Task details - Look through the data below. Collect every line where the word "flat" occurs.

**** Data shown

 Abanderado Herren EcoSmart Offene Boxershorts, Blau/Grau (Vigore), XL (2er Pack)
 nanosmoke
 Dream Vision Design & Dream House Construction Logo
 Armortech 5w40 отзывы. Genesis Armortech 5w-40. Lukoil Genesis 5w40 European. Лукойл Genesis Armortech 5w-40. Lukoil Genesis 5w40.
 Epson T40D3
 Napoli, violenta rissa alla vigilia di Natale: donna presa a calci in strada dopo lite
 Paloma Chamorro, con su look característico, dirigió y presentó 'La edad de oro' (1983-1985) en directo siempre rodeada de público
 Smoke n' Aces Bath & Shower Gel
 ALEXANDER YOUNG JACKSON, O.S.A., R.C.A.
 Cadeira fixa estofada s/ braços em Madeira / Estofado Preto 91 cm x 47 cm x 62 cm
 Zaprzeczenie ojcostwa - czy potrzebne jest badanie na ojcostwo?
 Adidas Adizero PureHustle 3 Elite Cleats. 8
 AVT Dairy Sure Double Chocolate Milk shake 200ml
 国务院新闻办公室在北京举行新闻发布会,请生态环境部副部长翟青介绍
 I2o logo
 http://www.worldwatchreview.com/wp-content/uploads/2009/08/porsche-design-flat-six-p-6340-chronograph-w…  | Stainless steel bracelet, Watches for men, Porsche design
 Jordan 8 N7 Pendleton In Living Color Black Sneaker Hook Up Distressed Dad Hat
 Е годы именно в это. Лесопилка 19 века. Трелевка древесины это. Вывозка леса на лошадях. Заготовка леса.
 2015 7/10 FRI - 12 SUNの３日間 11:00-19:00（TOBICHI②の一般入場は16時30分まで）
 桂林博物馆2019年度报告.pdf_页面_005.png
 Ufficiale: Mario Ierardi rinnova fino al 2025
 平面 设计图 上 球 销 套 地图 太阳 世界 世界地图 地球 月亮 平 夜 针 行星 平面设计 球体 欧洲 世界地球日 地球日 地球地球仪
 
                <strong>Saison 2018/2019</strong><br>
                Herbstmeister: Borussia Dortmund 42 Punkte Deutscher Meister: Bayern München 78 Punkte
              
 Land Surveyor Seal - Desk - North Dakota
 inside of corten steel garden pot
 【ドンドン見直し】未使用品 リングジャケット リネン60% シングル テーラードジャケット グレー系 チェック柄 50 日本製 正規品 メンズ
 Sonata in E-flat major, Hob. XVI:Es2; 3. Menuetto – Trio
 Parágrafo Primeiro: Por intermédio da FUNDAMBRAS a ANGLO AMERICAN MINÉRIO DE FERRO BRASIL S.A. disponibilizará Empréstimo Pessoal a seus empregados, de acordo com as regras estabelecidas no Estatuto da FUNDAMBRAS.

********

Exercise result -
 http://www.worldwatchreview.com/wp-content/uploads/2009/08/porsche-design-flat-six-p-6340-chronograph-w…  | Stainless steel bracelet, Watches for men, Porsche design
 Sonata in E-flat major, Hob. XVI:Es2; 3. Menuetto – Trio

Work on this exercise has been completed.